Civil and Environmental Engineering

First Advisor

Jay N. Meegoda

Second Advisor

Taha F. Marhaba

Third Advisor

Wen Zhang

Fourth Advisor

David Washington

Fifth Advisor

Cristiano L. Dias

Sixth Advisor

Lucia Rodriguez-Freire

Abstract

Per- and polyfluoroalkyl substances (PFAS) are a group of stable synthetic chemicals that are highly persistent and harmful pollutants to the environment and human health. PFAS have caused a strong public and regulatory response due to their ubiquitous presence in the environment and toxicity to humans. The application of ultrasound is one of the most effective treatment technologies for the mineralization of PFAS in contaminated water. However, this technology is treated as a black box causing the inability to be optimized. Therefore, there is a pressing need to investigate the intricate dynamics of PFAS degradation under ultrasound to unlock its full potential for environmental remediation.

To address this knowledge gap, Molecular Dynamics simulations have been used to reveal the molecular interactions driving the PFAS degradation. The simulations will help to elucidate the mechanisms governing PFAS bond-breaking and subsequent mineralization by subjecting the PFAS molecules to elevated temperatures, mimicking the conditions of bubble collapse induced by ultrasound. Furthermore, the study investigates the adsorption behavior of PFAS molecules onto bubble surfaces, highlighting the adsorption mechanism of PFAS compounds into the bubbles. These explorations deepen the understanding on the impact of hydrophobicity into the PFAS mineralization mechanism. In addition, the study explores the complex behavior of PFAS molecules under pyrolytic conditions following bubble implosion. Factors such as functional head groups and chain length will be systematically studied to reveal their influence on PFAS degradation kinetics and pathways. Moreover, the investigation extends to diverse environmental contexts, water, oxygen, nitrogen, and air. The simulation of PFAS degradation across a diverse spectrum of environmental configuration will reveal the optimal parameters for maximizing PFAS mineralization.

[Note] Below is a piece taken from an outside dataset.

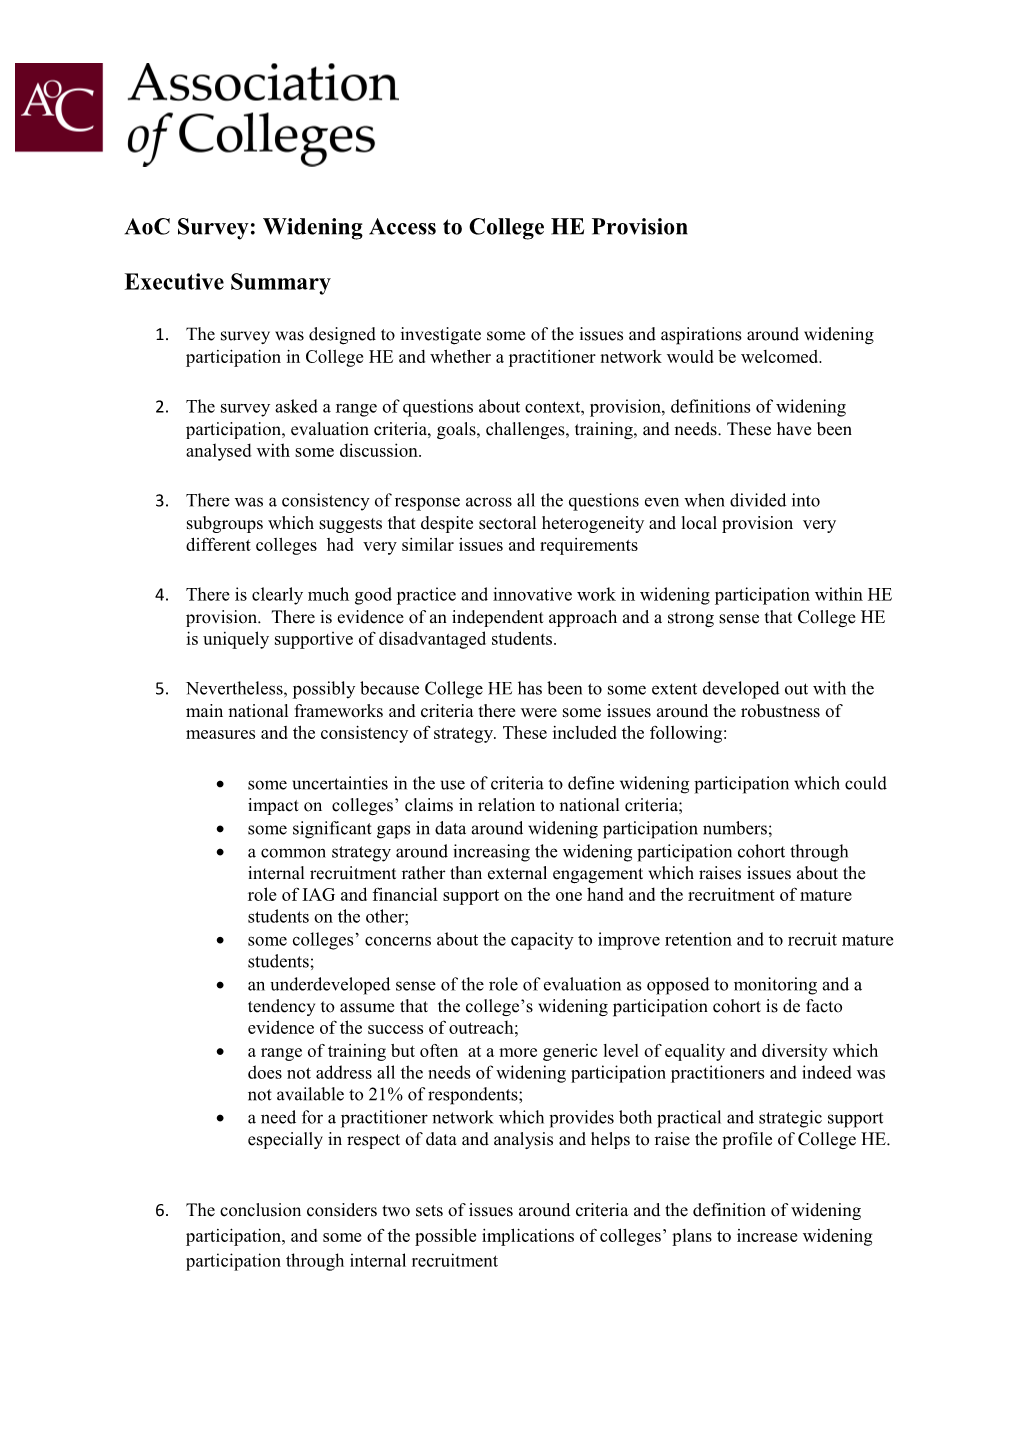 Aoc Survey: Widening Access to College HE Provision

Ultimately, the research goal is to comprehensively model the intricate interplay between imploded cavitational bubbles and PFAS molecules, offering invaluable insights into the fundamental mechanisms around PFAS degradation and guiding the optimization of ultrasound-based remediation strategies. The results will not only serve to validate experimental fmdings but also bridge the gap between empirical observations and theoretical predictions, providing a robust foundation for designing effective PFAS remediation protocols. Thus, this holistic approach promises to advance our understanding of PFAS remediation processes and accelerate progress towards mitigating the harmful threat posed by these persistent pollutants.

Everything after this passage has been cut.